Fig. 1 : Champs instantanés de flux conductif à la paroi chaude (1000 °C) pour un nombre de Reynolds de 70000. En haut, les résultats d’une simulation numérique directe sont exposés ; en bas, ceux d’une simulation des grandes échelles de la turbulence.
These flows are highly complex because they are highly turbulent and asymmetrically heated. Characterized by very high temperatures reaching 1000°C, they are the seat of intense heat transfers and strong couplings between thermics and dynamics. The multi-scale approach developed has improved knowledge by filling gaps in the literature at each level, and provided models that will facilitate the industrial development of new tower power plants. The levels of study corresponding to detailed descriptions inform the more macroscopic levels of description.

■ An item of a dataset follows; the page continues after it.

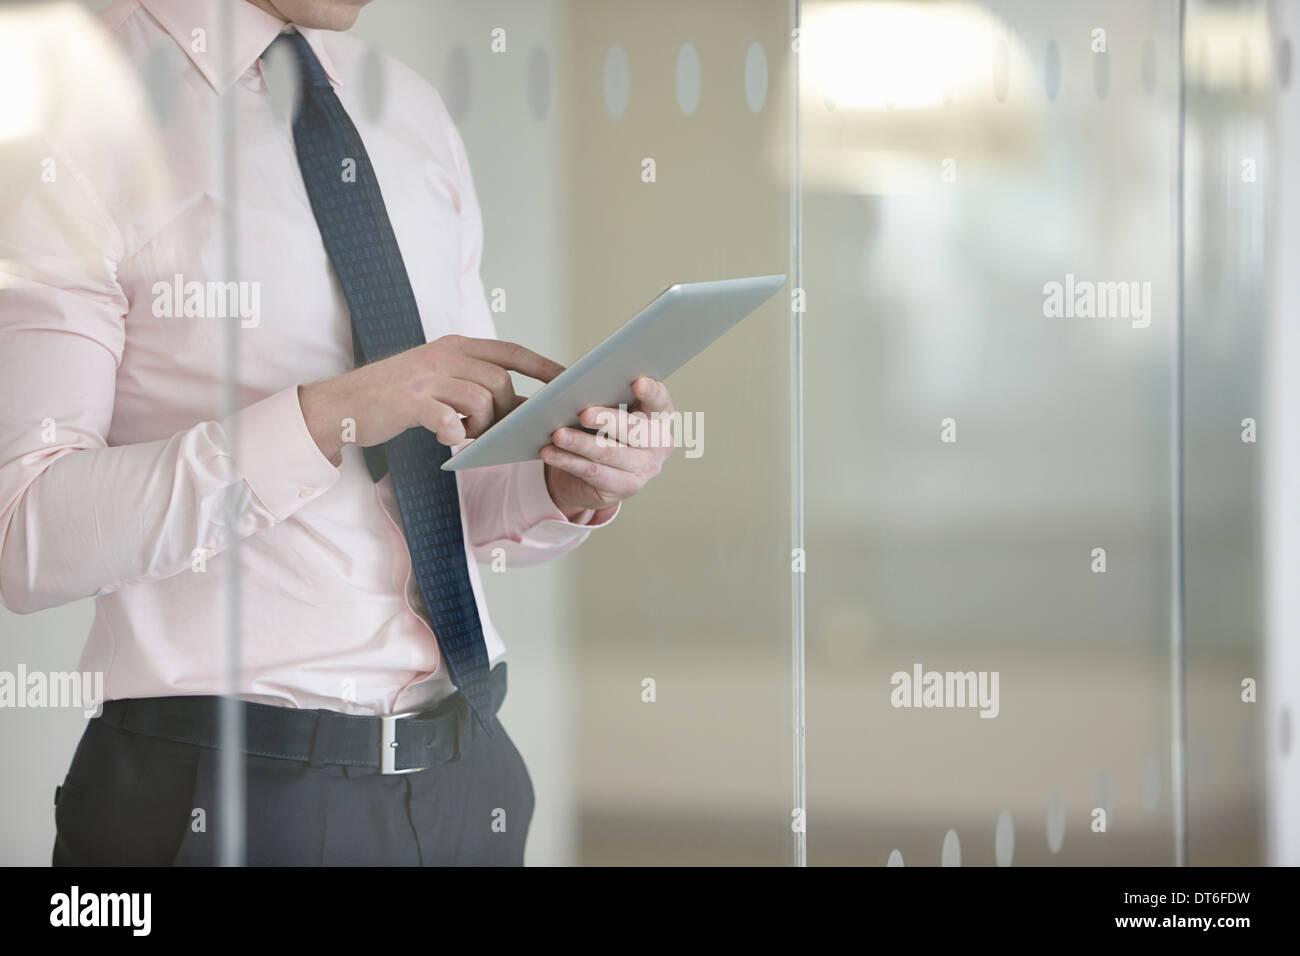 Imprenditore emis sione di tavoletta digitale Immagini Stock

At the microscopic scale, Direct Numerical Simulations (DNS) are carried out to approximate the understanding of interactions between turbulence and temperature [1] (unit cost: 4 million computing hours).
At the intermediate level, Large Scale Simulations (LSS) are carried out on less fine meshes, which drastically reduces computational costs (12,000 computational hours).
We aim to develop sub-mesh models that reproduce the effects of small-scale turbulence on resolved scales. Tests are carried out by comparing the results of each EMS with those of SND [2] (see figure). Thanks to these evaluations, we have identified a robust and accurate model. This was used to perform 70 EMSs to develop a correlation for estimating heat transfer in asymmetrically heated channels [3]. This constitutes a study at the macroscopic level, since the correlation can be used to carry out work at the scale of the solar receiver [4].